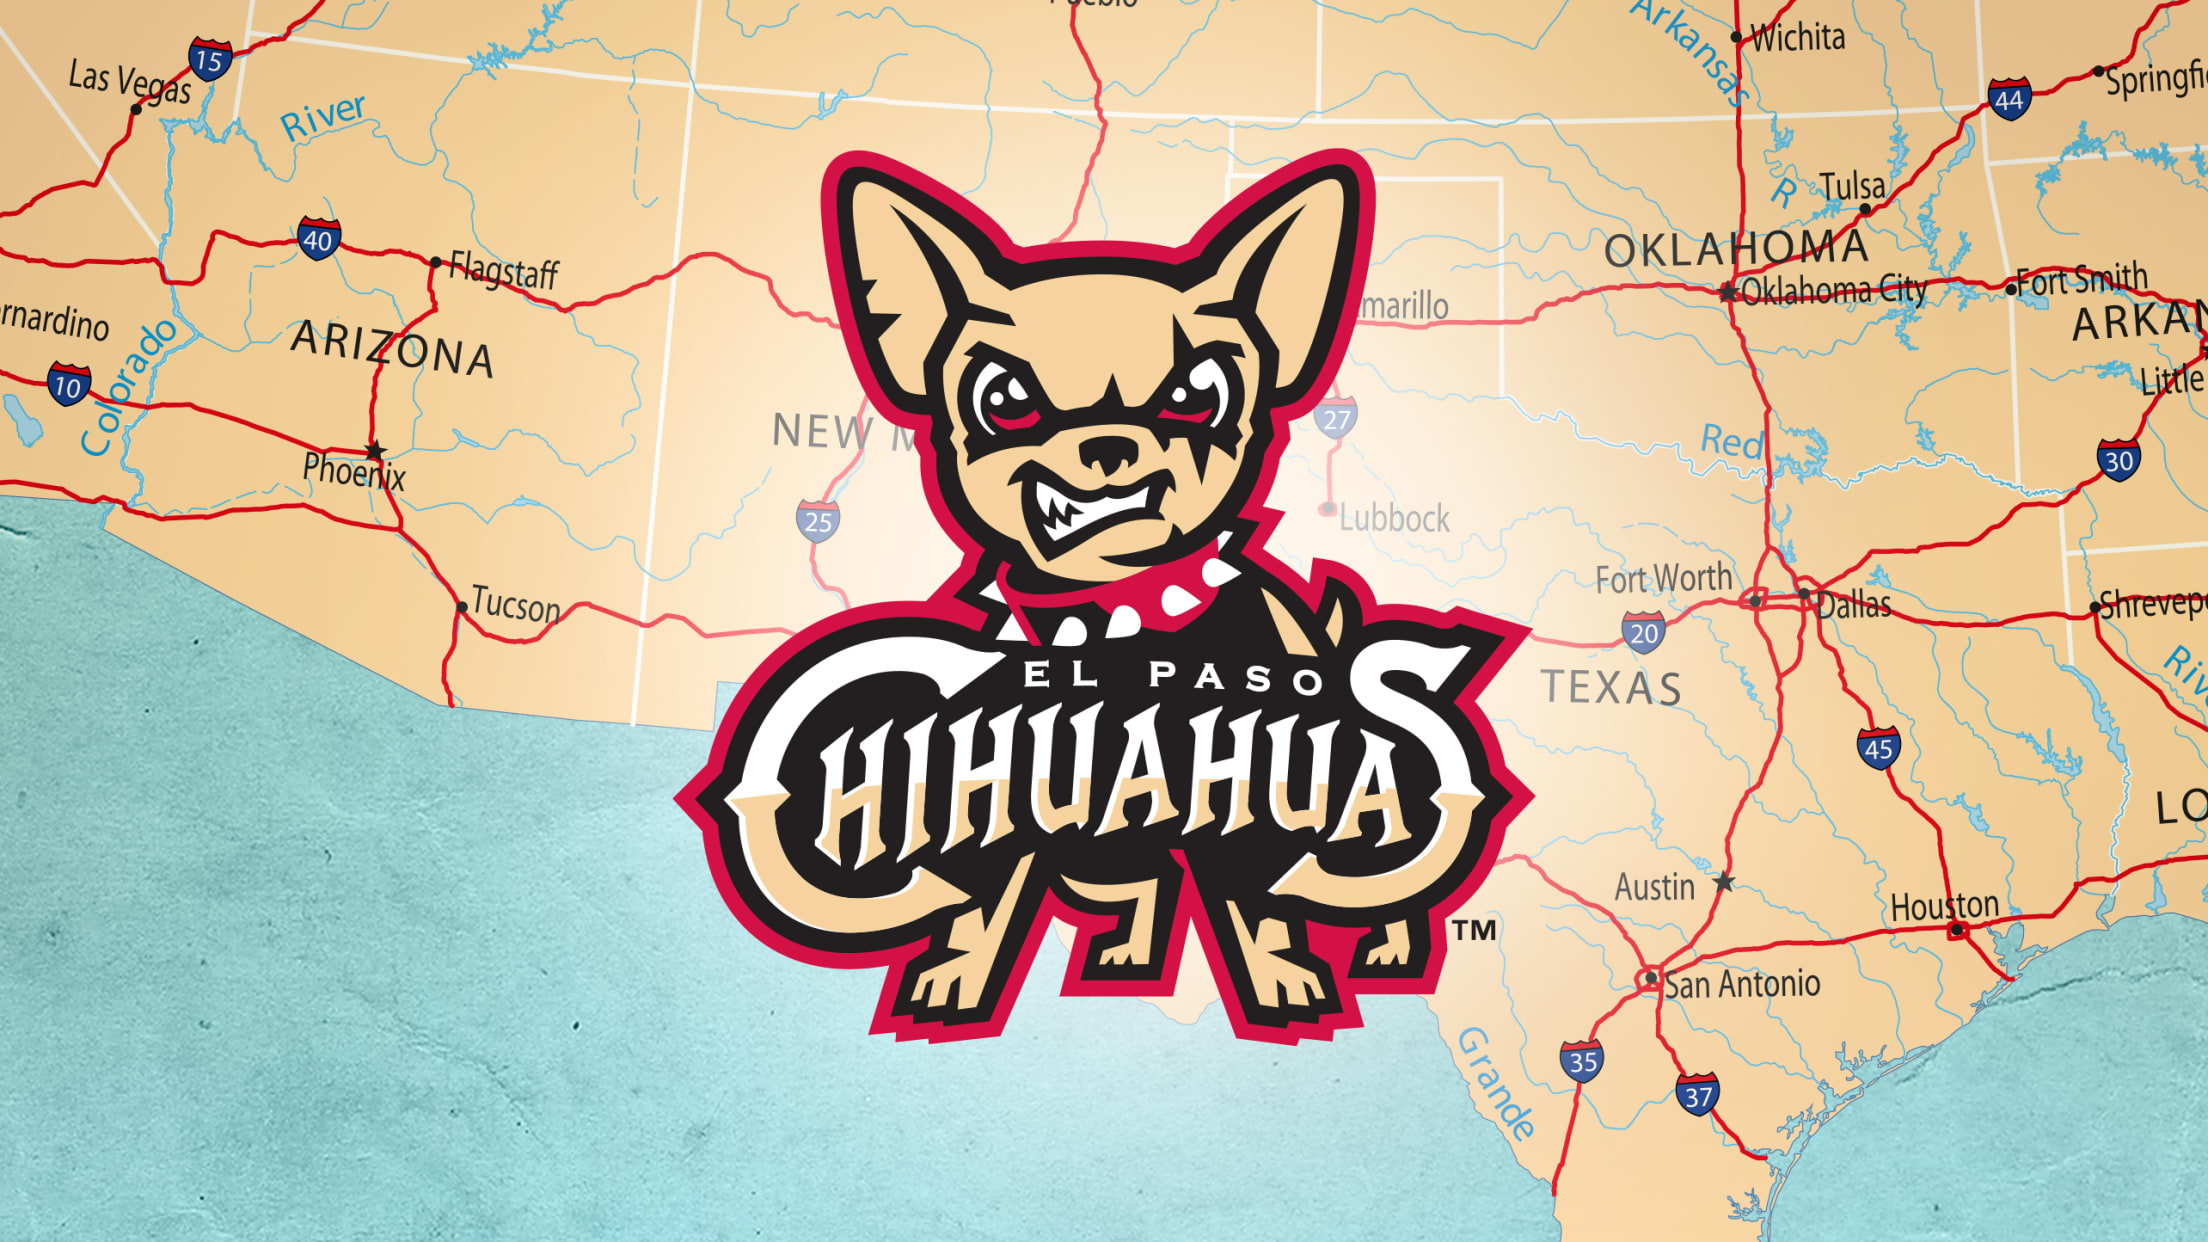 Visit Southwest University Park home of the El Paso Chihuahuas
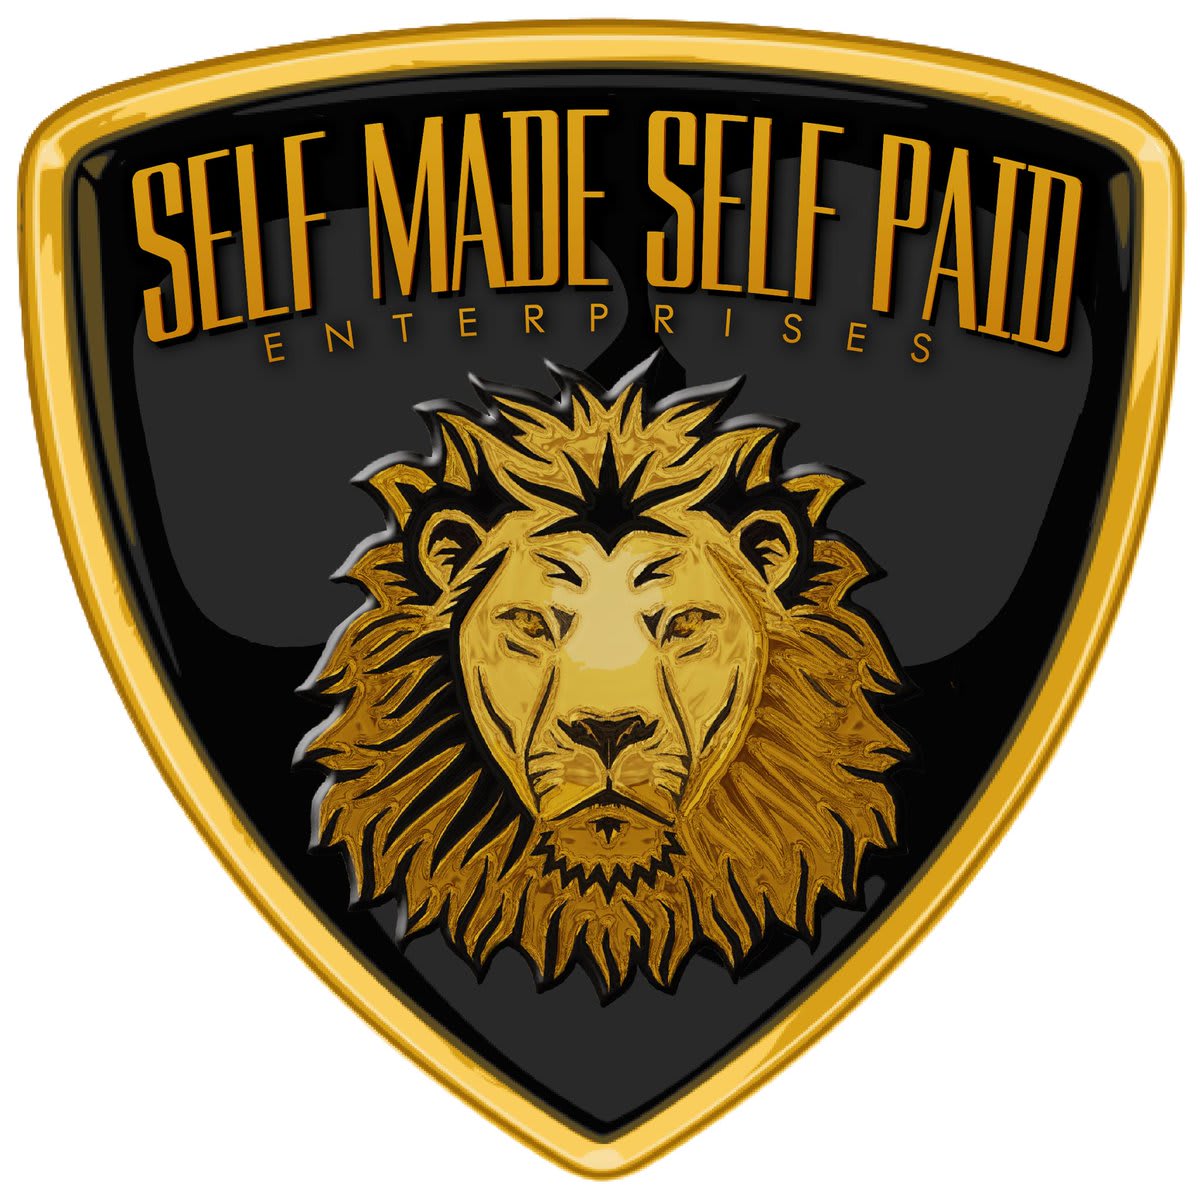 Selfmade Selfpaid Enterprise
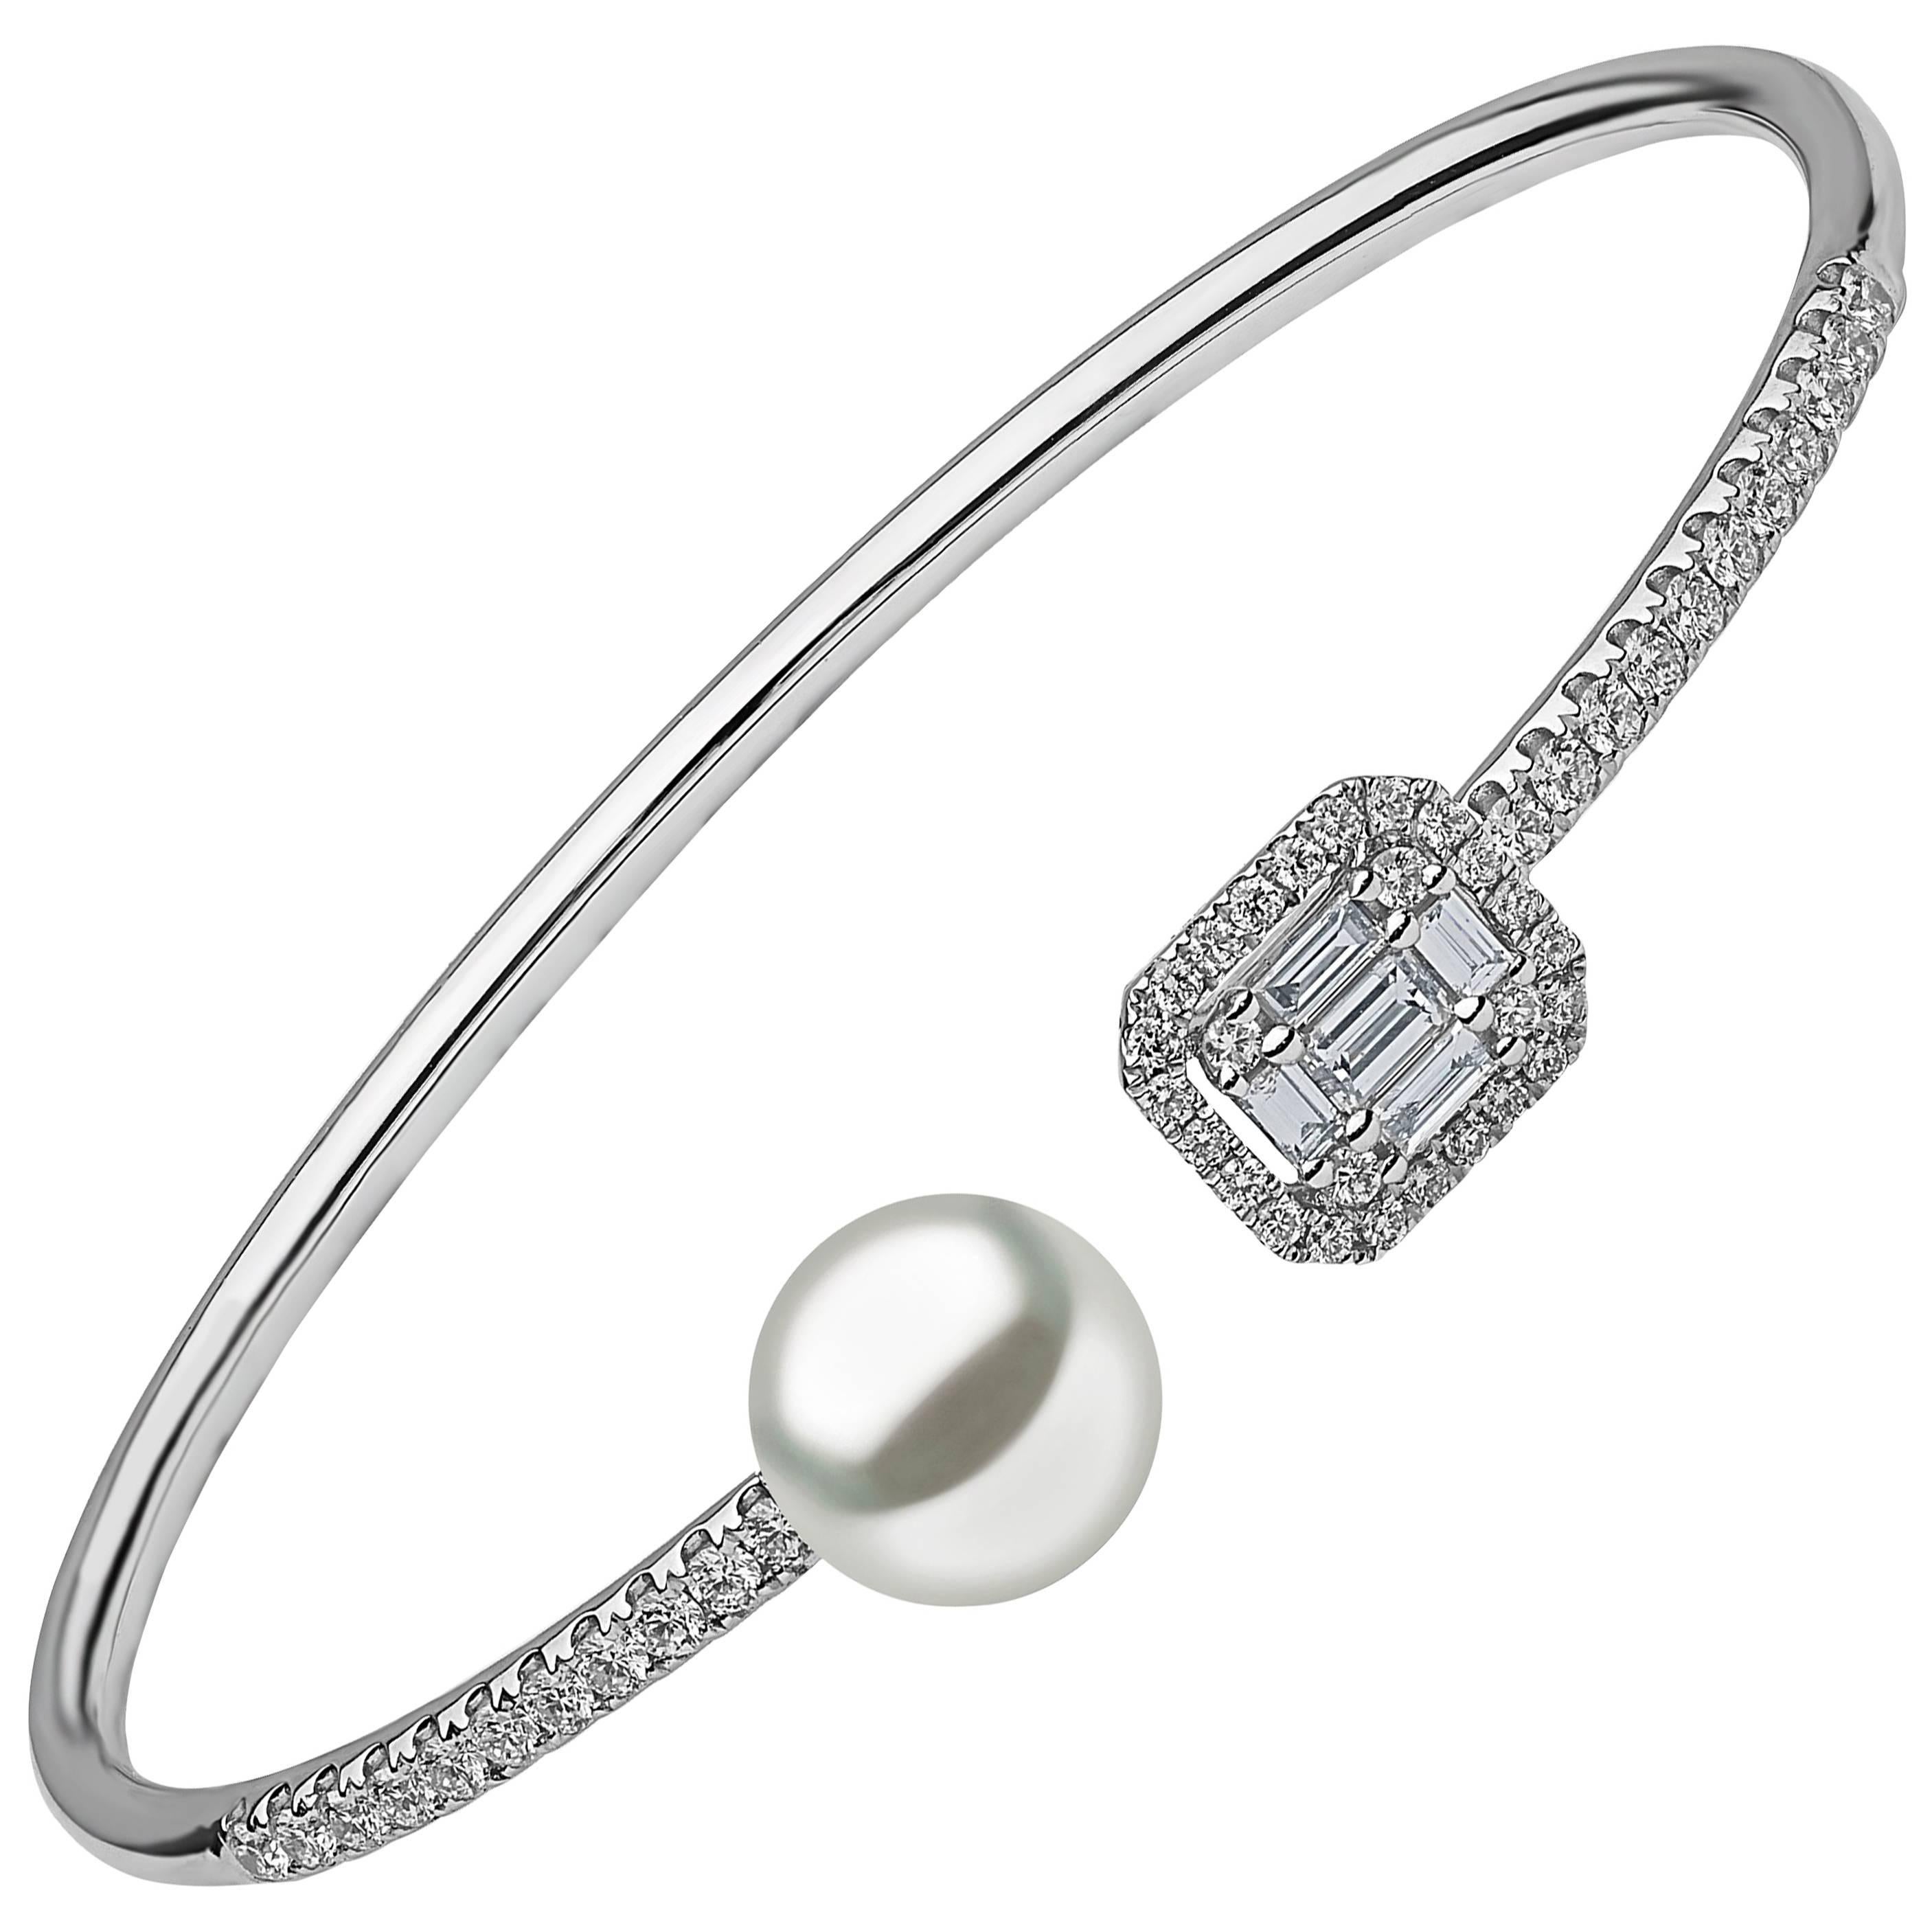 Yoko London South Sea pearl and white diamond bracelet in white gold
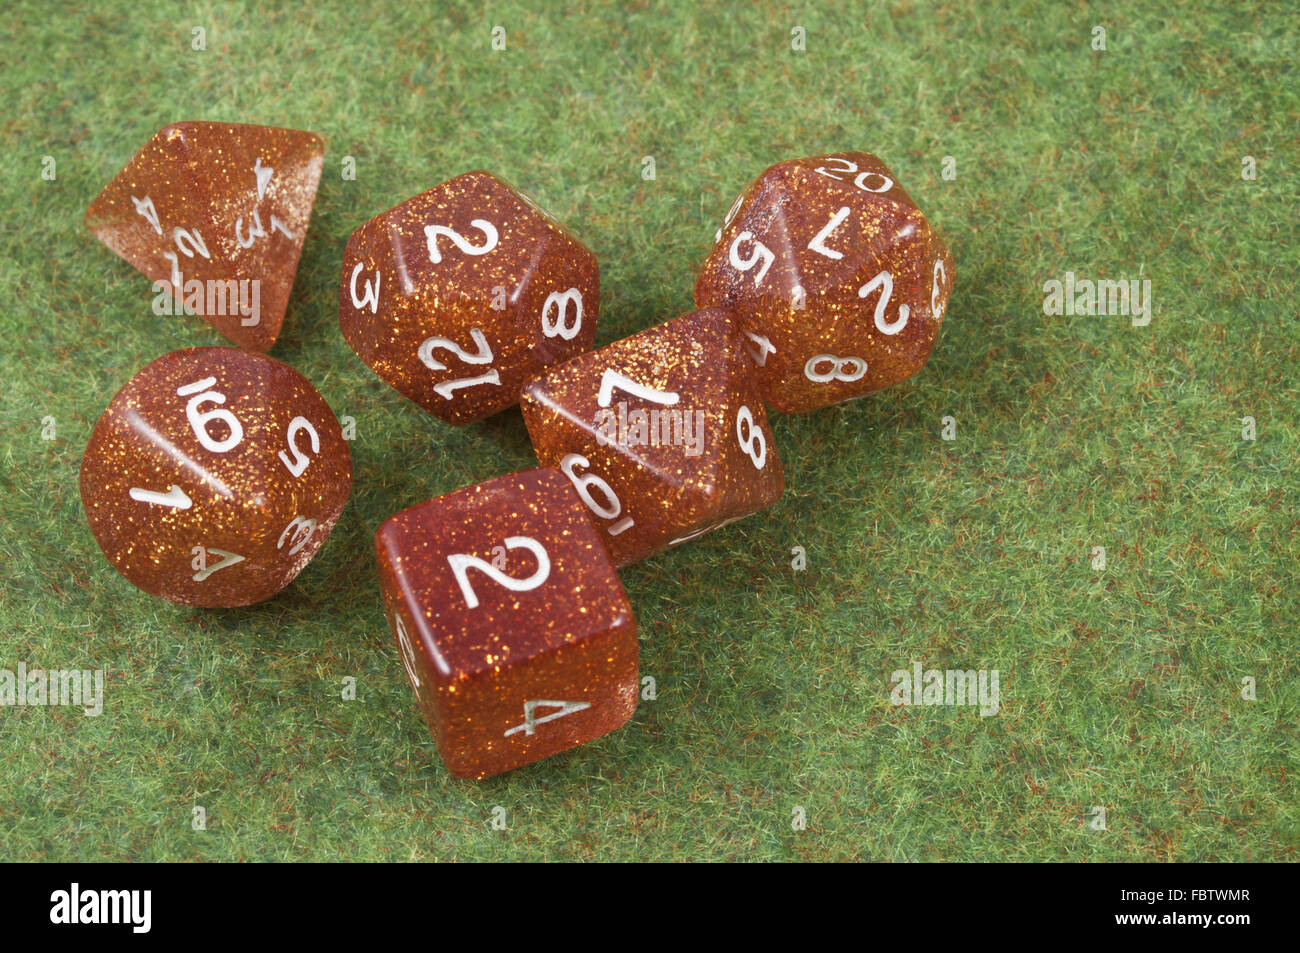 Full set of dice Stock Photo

────────

Every word of the material, and none of its pictures, should be set down again.

 Visit Southwest University Park home of the El Paso Chihuahuas
 Selfmade Selfpaid Enterprise
 Yoko London South Sea pearl and white diamond bracelet in white gold
 Full set of dice Stock Photo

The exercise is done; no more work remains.